Classical chemical catalysis has not stood still either. Saying that the emergence of transition metal catalysis has revolutionized the field is probably not overstating it. Named reactions such as Suzuki, Stille, Grubbs, Heck, Negishi, Sonogashira, and Grignard to name a few have been around long enough to be considered parts of an organic chemist’s basic toolbox. With immobilized transition metal complexes, these reactions are available in RBR, e.g. our partner Reaxa offers alternatives in their EnCat line.

A more recent development is seen with organocatalysis, which was awarded the Nobel Prize in chemistry in 2021. Organocatalysts are available in immobilized form, we look forward to the first application in an RBR.

Perhaps the most straight-forward heterogeneous chemocatalyst is ion-exchange beads for acidic and basic catalysis.

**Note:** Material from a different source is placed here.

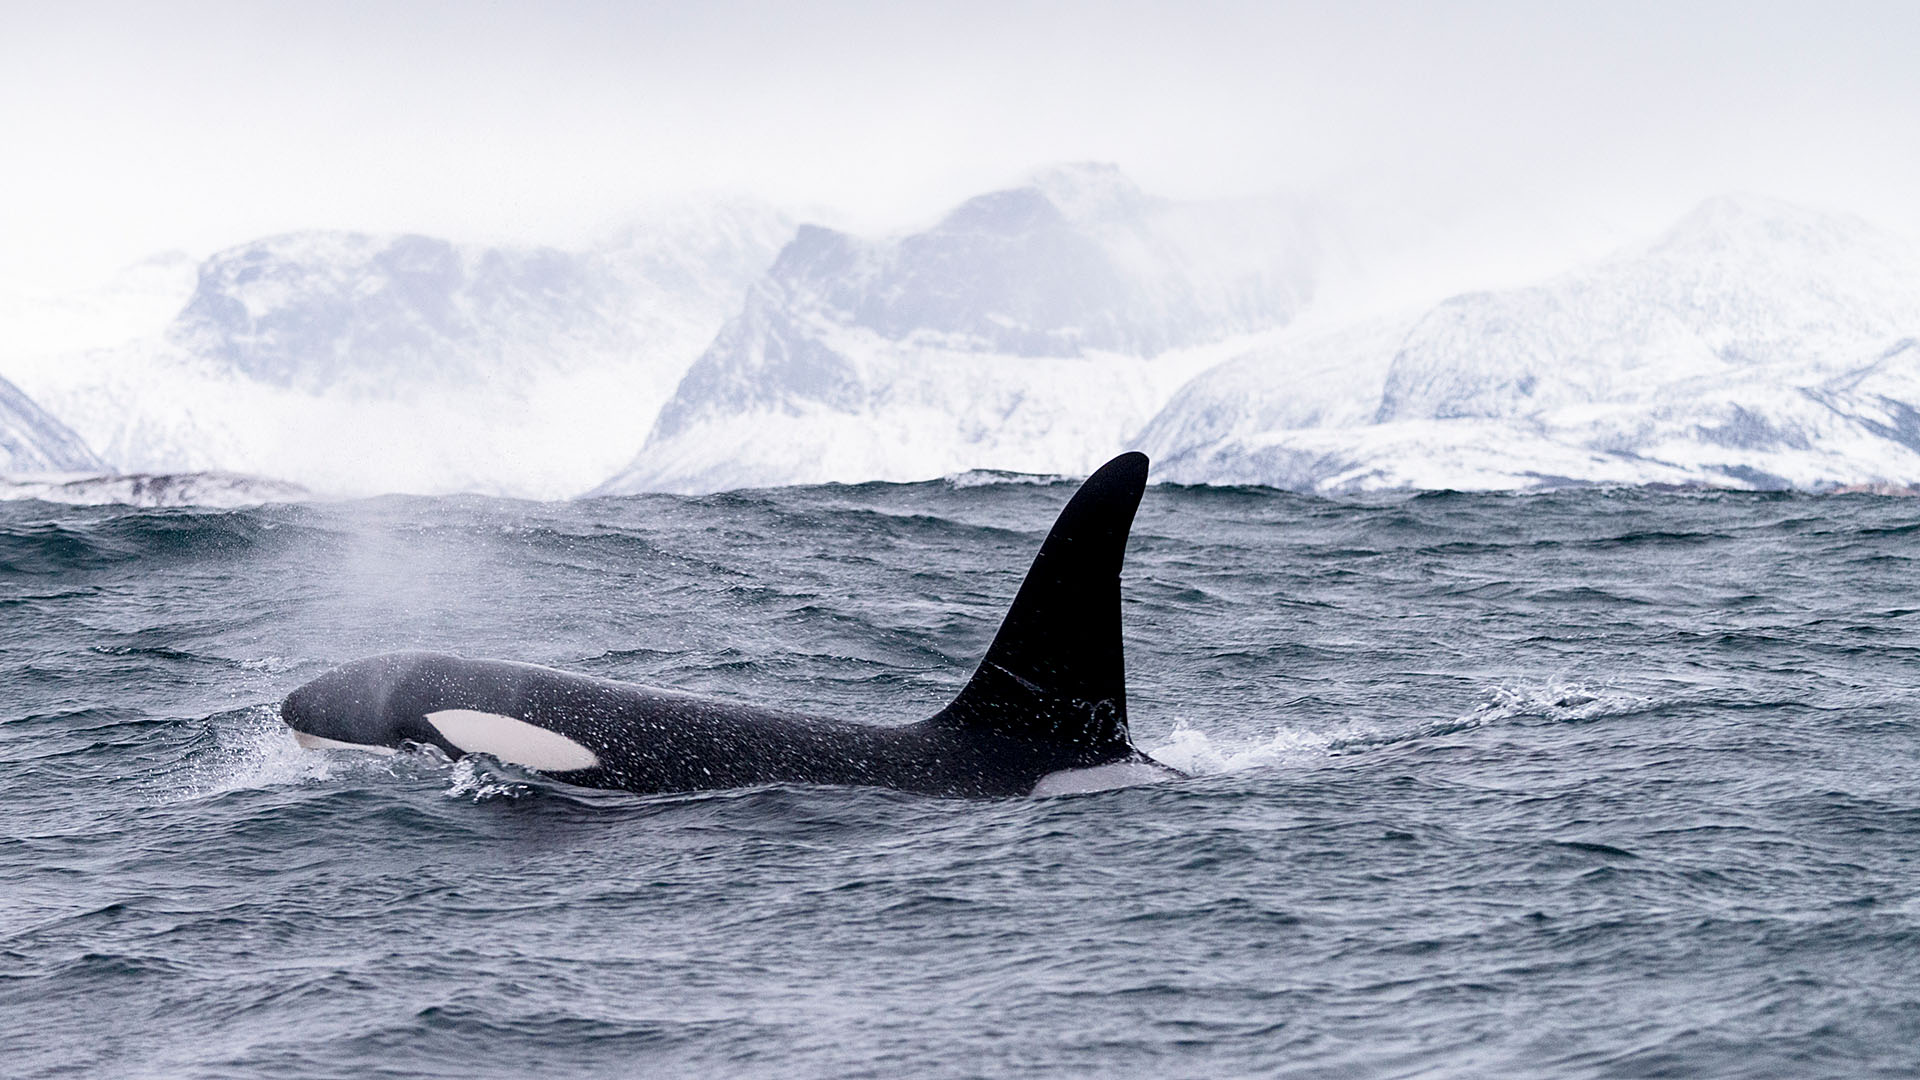 expeditie orka's bultruggen - orka mannetje op jacht

The final example of chemocatalysis here, and also the most requested is palladium-catalyzed hydrogenation. Regular Pd/C is in powder-form and too fine for an RBR. However, there are Pd(0)-catalyst and granulated Pd/C to use from different suppliers. SpinChem currently does not offer pressurized hydrogenation vessels, which does not prevent a customer from installing an RBR in such a vessel. Also, transfer hydrogenation has been proven to work in RBR, offering a convenient and safe alternative to hydrogen gas.

Stoichiometric reagents

As for non-catalytic applications of RBR, the most common are ion-exchange beads and drying by molecular sieves. There are, however, a large selection of commercially available immobilized reagents. As far as we know, immobilized reagents are yet to be utilized in an RBR. Presumably, the relatively high cost per capacity offered is preventing widespread use. For the right application, the cost may be recouped in easier downstream processing.

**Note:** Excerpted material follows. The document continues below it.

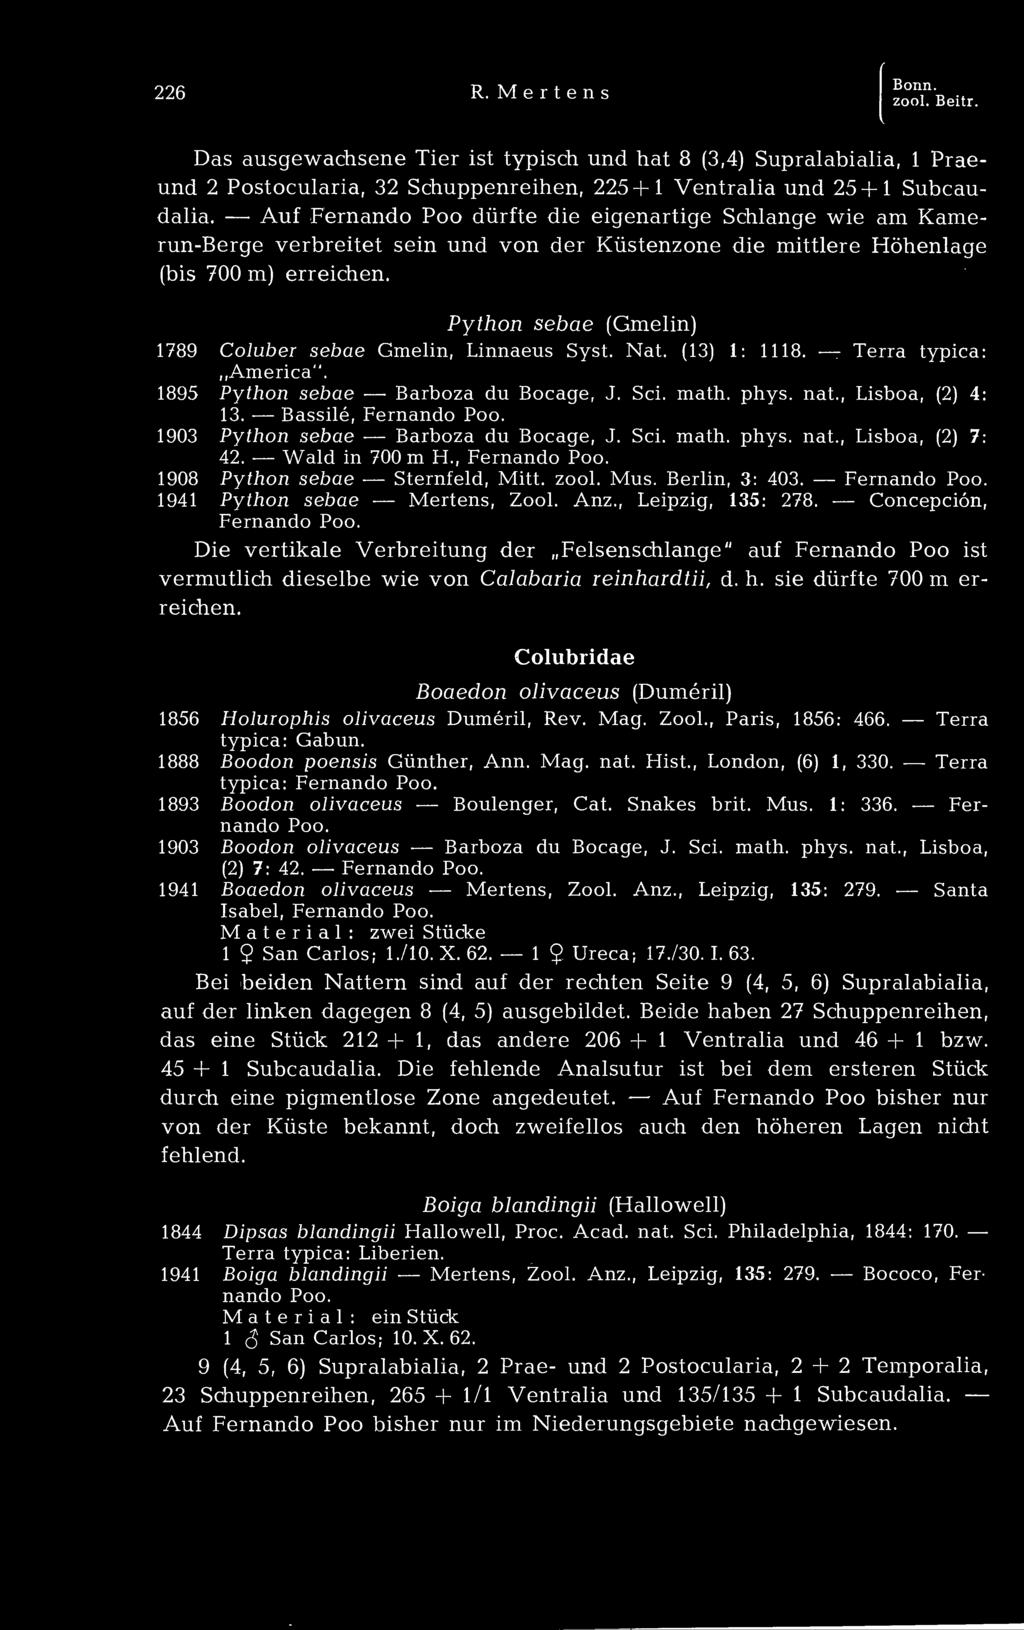 Python sebae (Gmelin) 1789 Coluber sebae Gmelin, Linnaeus Syst. Nat. (13) 1: 1118. Terra typica: America". 1895 Python sebae Barboza du Bocage, J. Sei. math. phys. nat., Lisboa, (2) 4: 13.

Solid phase peptide synthesis

Carrier beads, such as Merrifield, Wang, and more recent developments, for solid-phase peptide synthesis may be considered a case of stoichiometric reagents suitable for RBR. The possibility to save solvent in these processes are obvious by the improved liquid flow rates through the packed bed compared to other technologies.

Downstream processing

Transition-metal catalysis was mentioned above. There is a risk that a small amount of the immobilized metal catalyst has leached into the solution during reaction. A good method to remove the often toxic heavy metal ions from the reaction product is a metal scavenging resin. The selection of heterogeneous scavengers is good, ranging from neutral to IEX-based, organic to inorganic backbone, and more general to more specific.

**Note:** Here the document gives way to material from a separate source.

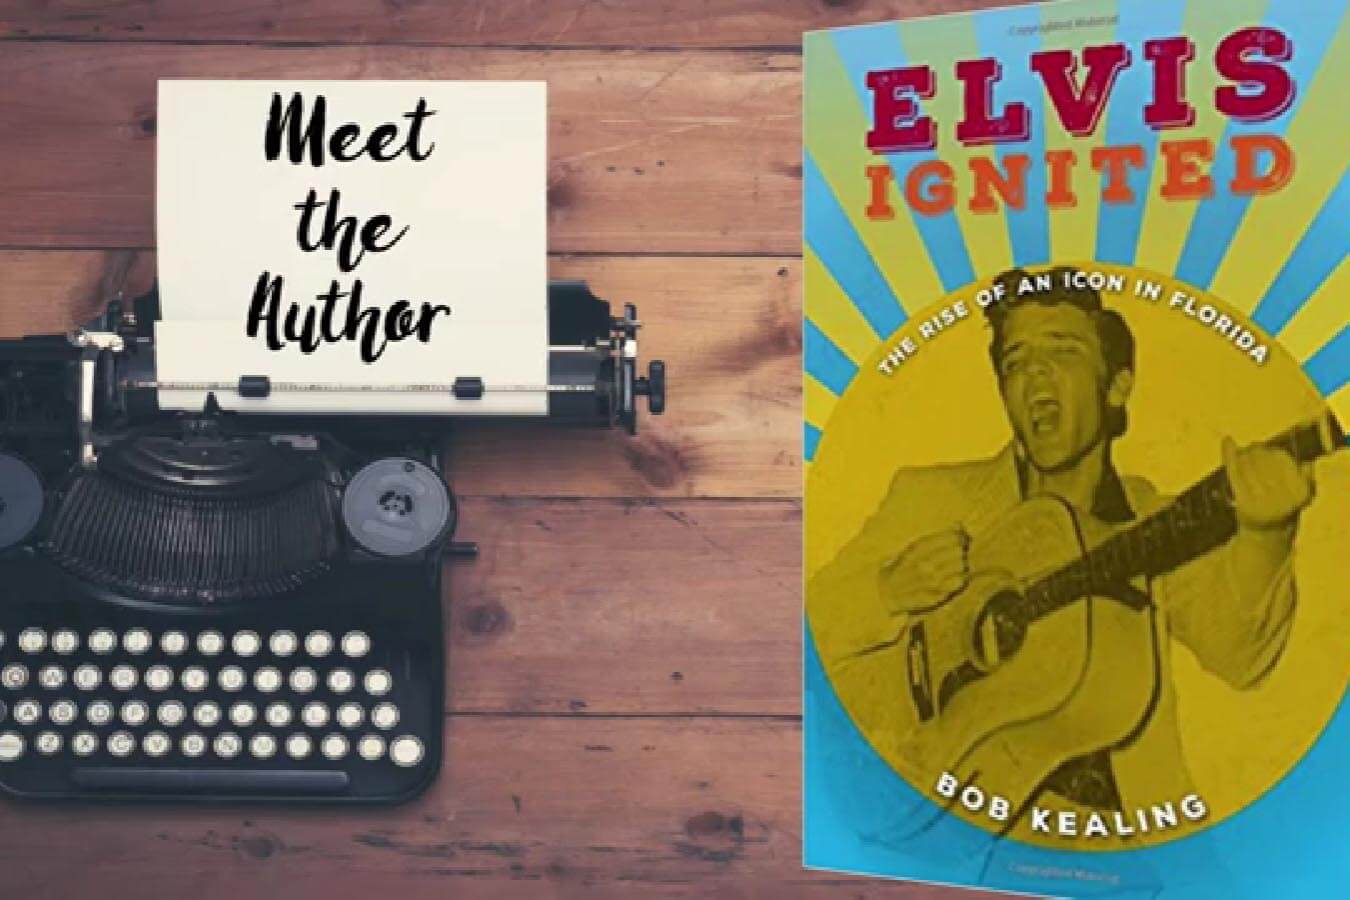 Meet the Author - Elvis Ignited

Perhaps less common in use, there are scavengers for selected organic compounds based on complementary electrophilic-nucleophilic reactivity, e.g. aldehyde-amine and Michael acceptor-thiol.

Adjusting pH during workup is a very common procedure and IEX resins are an option for doing this, also offering a way to produce less salt in the vessels during workup.

We would like to include treatment of waste streams in the context of downstream processing. It may make environmental and/or economical sense to treat your own waste streams locally before discharge or destruction. At the production site, the waste streams are contained, concentrated, and this is likely where the most knowledge about the content is found. Where large, costly, or specialized treatment equipment is needed, it may make more sense to transport to a common waste treatment site. Whether the waste stream contains excess dye from clothing manufacture or API precursors from pharmaceuticals production, a simple activated carbon treatment may be sufficient to make the waste stream acceptable for discharge. Best case scenario environmentally and financially, successfully treating the waste stream whether it is water or organic solvent, will allow it to be re-used in the process.

Ideally,  the waste streams  can be turned into a resource by extracting residual amounts of valuable components. Two examples comes from the pharmaceutical industry: scavenging and re-use of transition metals (e.g. palladium, iridium) from reaction waste after chemical TM-catalysis and recovery of API:s and precursors to API:s in small, residual concentrations from reaction waste or purification step waste. In both examples, the transition metal and API precursor is likely to be toxic in the wrong place (e.g. aquatic life) but valuable when recovered in pure form.